On the Big Data and Cloud space, tools evolve day in and day out and Microsoft is playing an important role by improving their products, making sure they don’t stay behind other players.

On the document, graph, key-pair side of things, Microsoft launched this year (May 2017) Azure Cosmos DB – based upon the former Azure Document DB – which is a cloud distributed storage service.

Our problem

So the time has passed and we’ve crossed paths with this beauty called Cosmos DB. We don’t choose all the technologies we’ll work with. There are times when customers and partners have issues with their choices and we’re here to help.

What happened is that on a given day we needed to build a fast-automated-scalable data pipeline having Cosmos DB as one of the data sources and all we had was an API endpoint access to the database.

There are no easy ways or tools on the Linux space to dump data from a Cosmos DB Instance like we needed – so we’ve built one.

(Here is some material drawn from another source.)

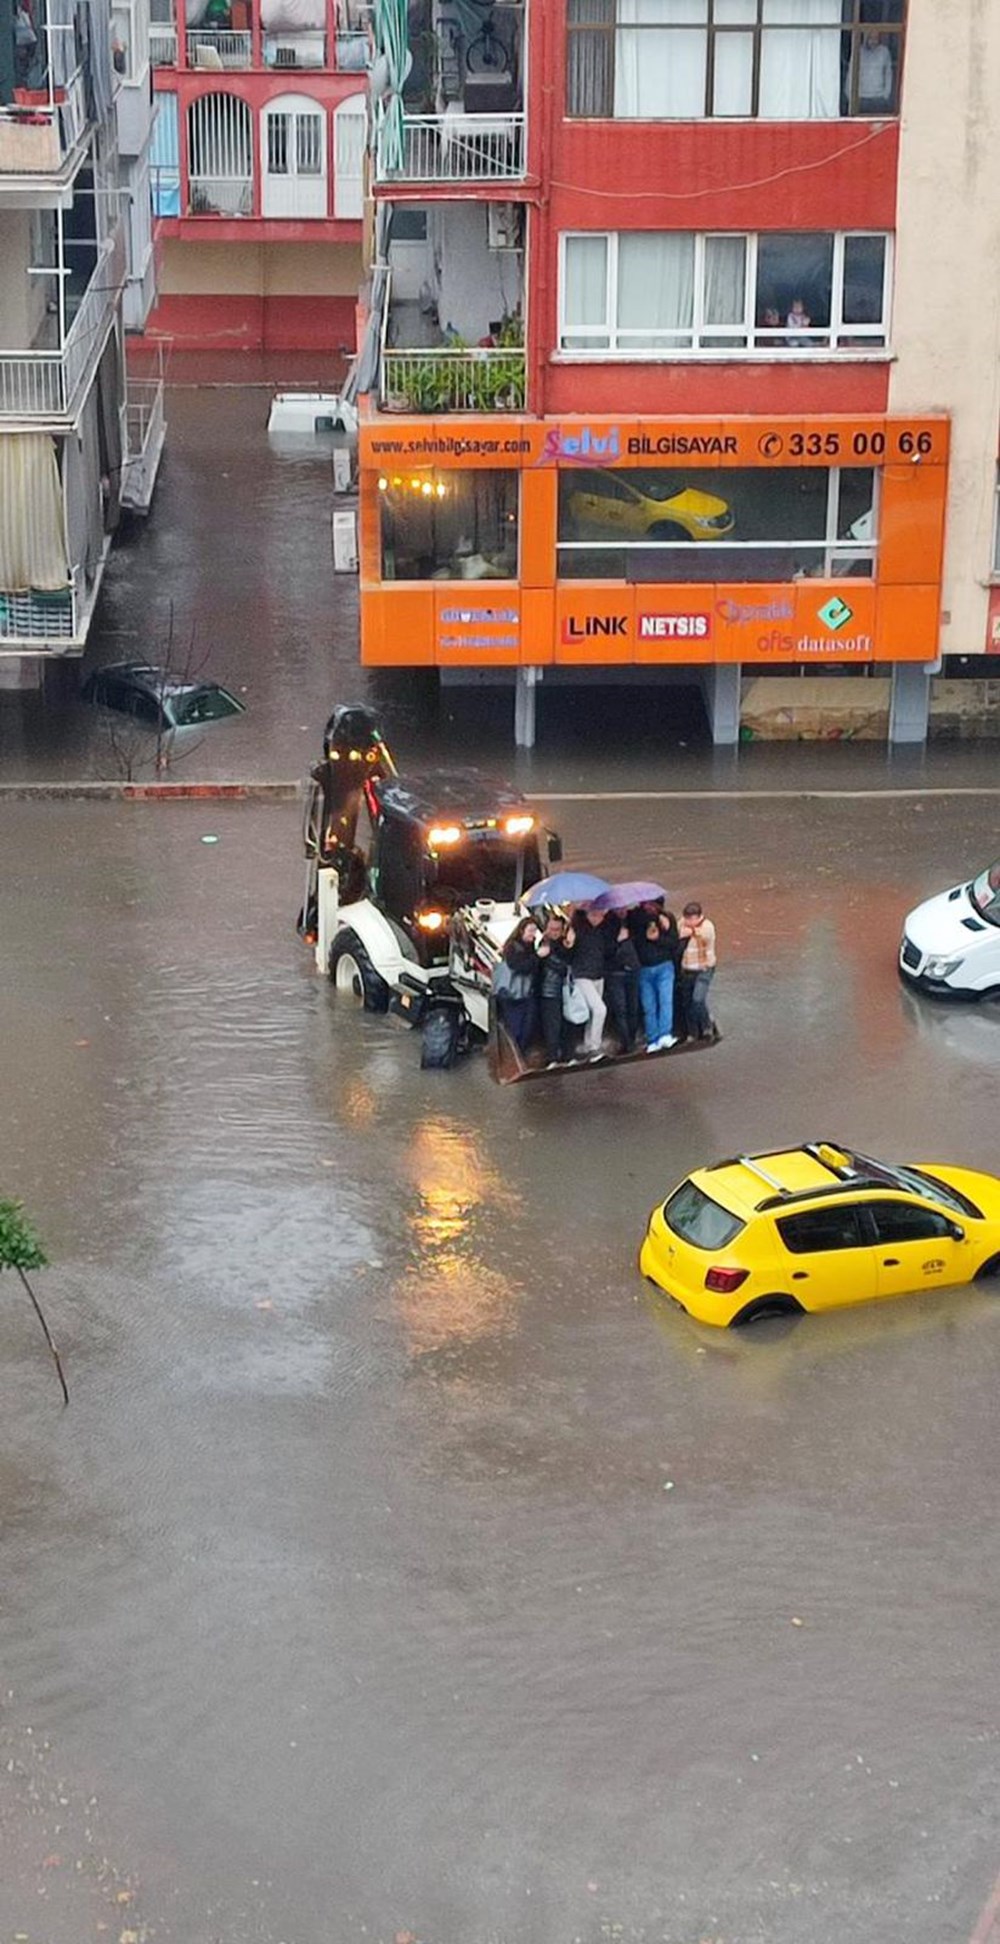 Antalya'da sel ve su baskını: 1 kişi yaşamını yitirdi, 6  ilçede eğitime ara verildi (4 şehir için turuncu kodlu uyarı) - 5

Another opportunity we’ve explored is to, not only expose command line access, but also provide ways to stream data from a Java API and therefore, enable the use of our bundle into java applications like Pentaho Data Integration.

Cosmos DB export

There you go: https://github.com/oncase/cosmosdb-export/.

The main features are:

  • Export data to CSV, JSON or stdout;
  • Freedom to type queries on a given collection;
  • Usage from shell on Linux, Windows or Mac;
  • Usage from Java applications;
  • Configurable page size;
  • Configurable Use Partition flag;
  • Configurable CSV delimiter, enclosure and line chars;

We were able to build this tool quite easily due to the existing Microsoft Azure DocumentDB Java SDK and the fact that it wraps the logic of their REST API Configuration.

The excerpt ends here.